→ Action item: Look for the line with "Comtesse de Malet" in the data below, then reproduce word for word that line and every line after it. Leave out all pictures and add nothing.
── Dataset excerpt
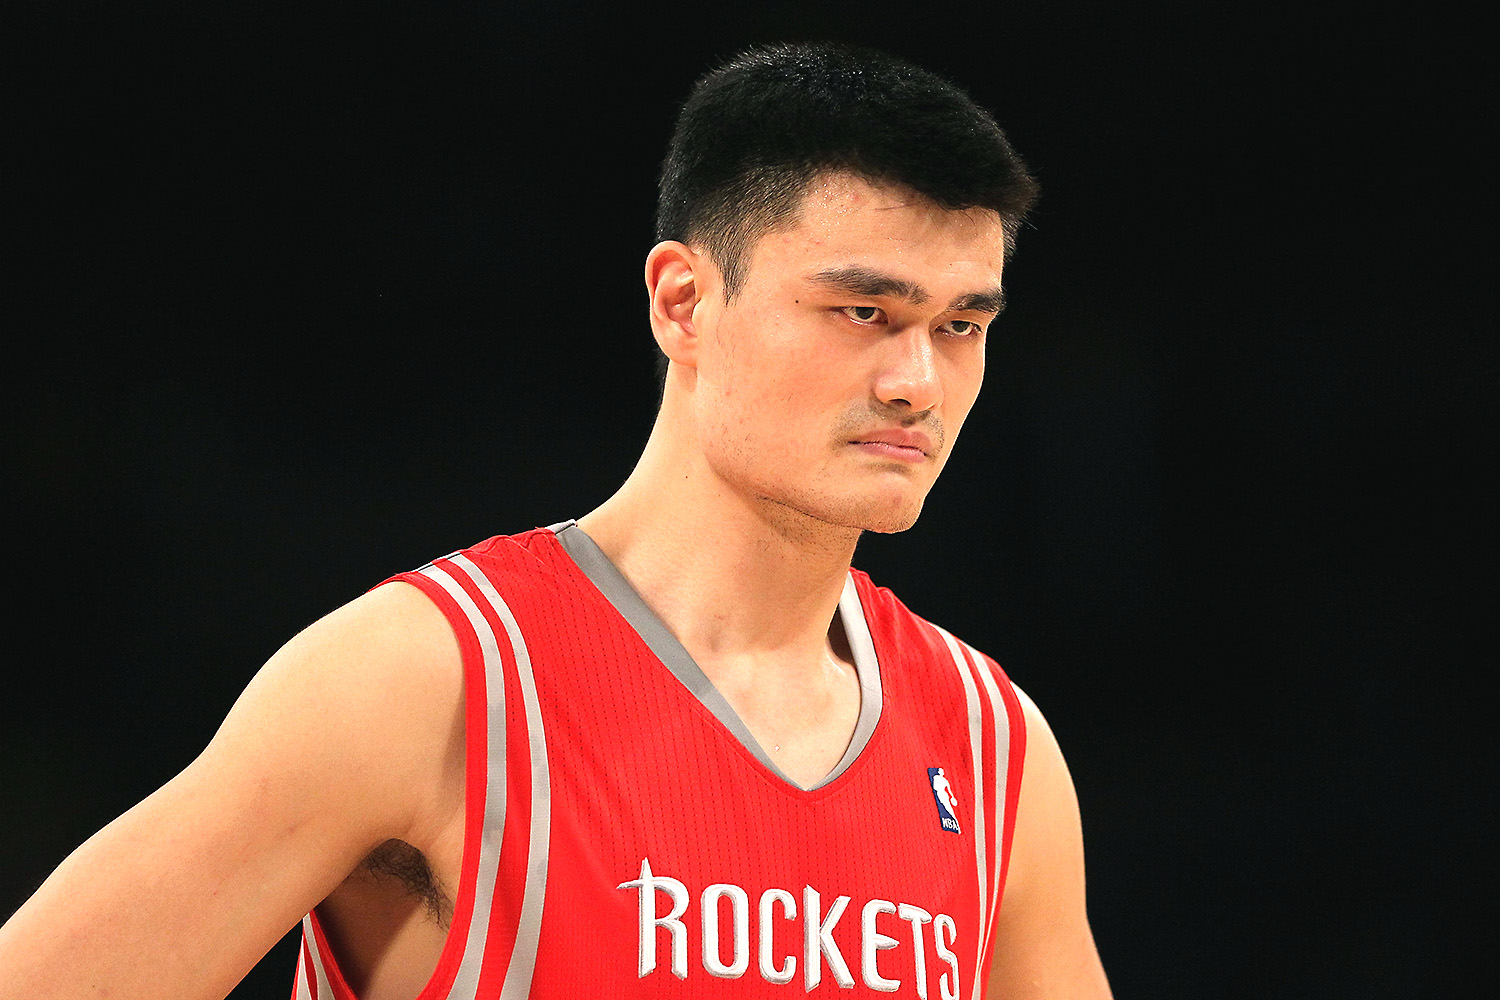 NBA entra em crise diplomática com a China após dirigente apoiar Hong Kong
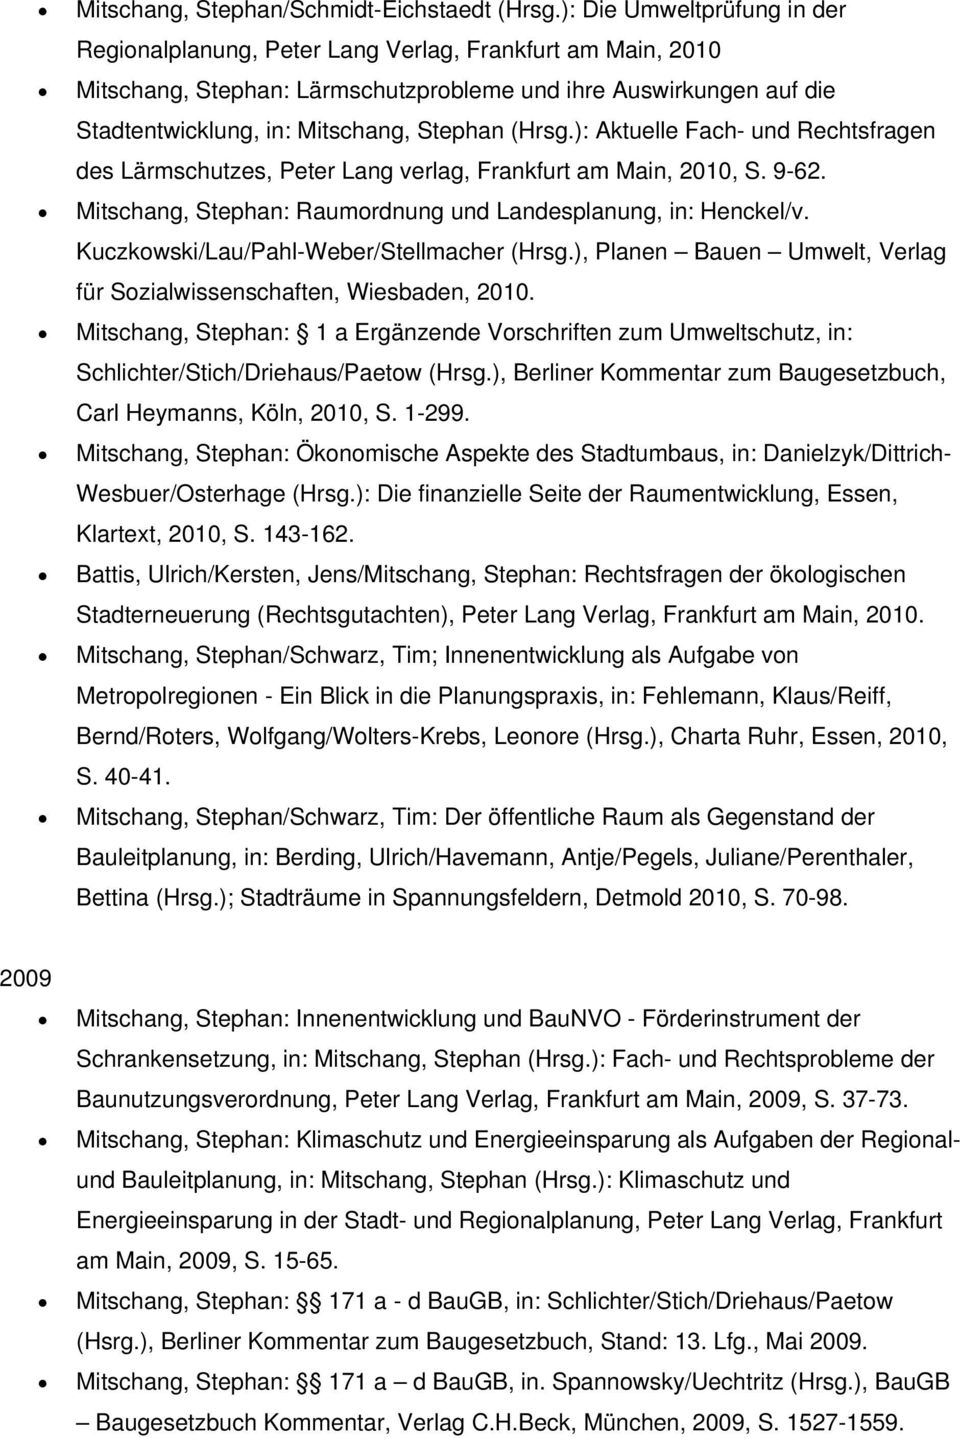 (Hrsg.): Aktuelle Fach- und Rechtsfragen des Lärmschutzes, Peter Lang verlag, Frankfurt am Main, 2010, S. 9-62. Mitschang, Stephan: Raumordnung und Landesplanung, in: Henckel/v.
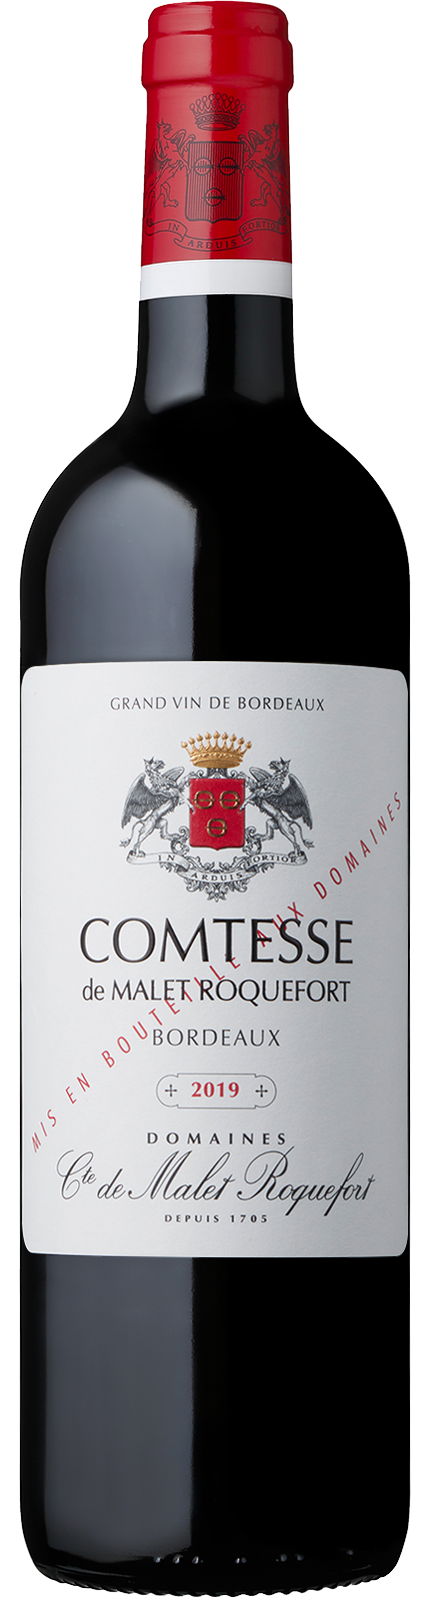 Comtesse de Malet Roquefort - Bordeaux - Vin des Domaines Comte de Malet Roquefort
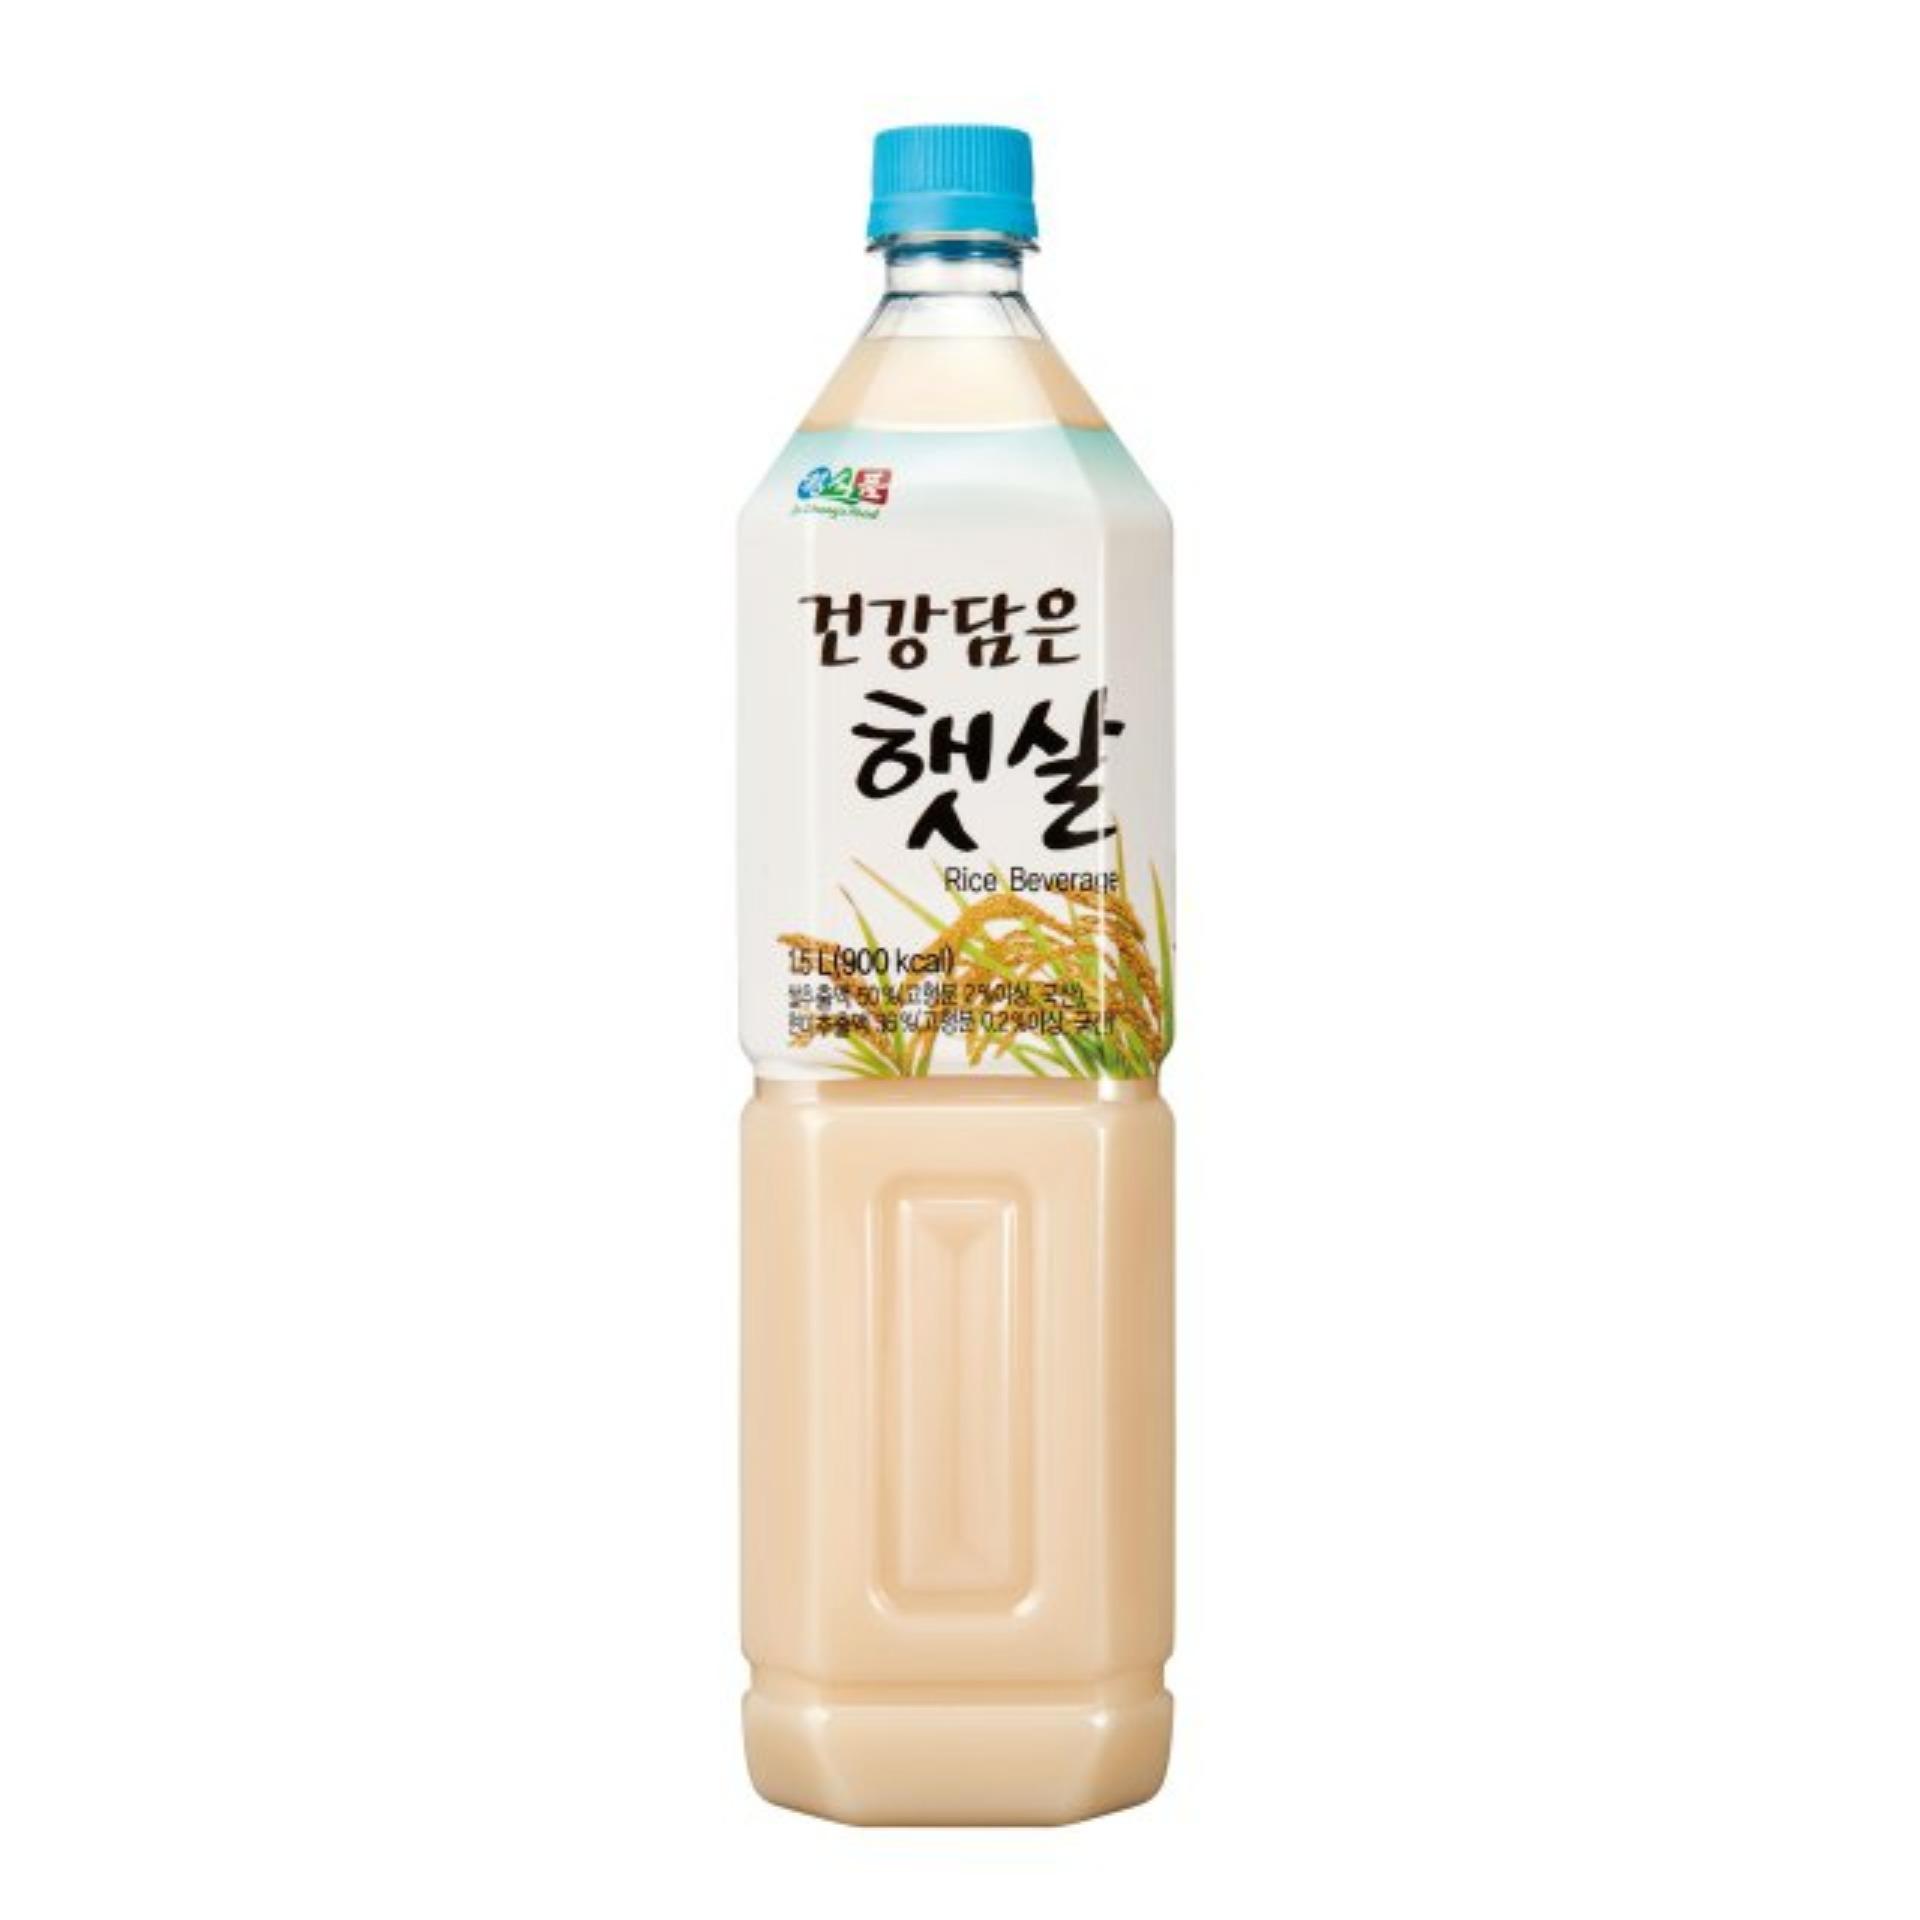 Nước Gạo Rang Vegemil Hàn Quốc 1,5L
────
→ Problem solution:
 Comtesse de Malet Roquefort - Bordeaux - Vin des Domaines Comte de Malet Roquefort
 Nước Gạo Rang Vegemil Hàn Quốc 1,5L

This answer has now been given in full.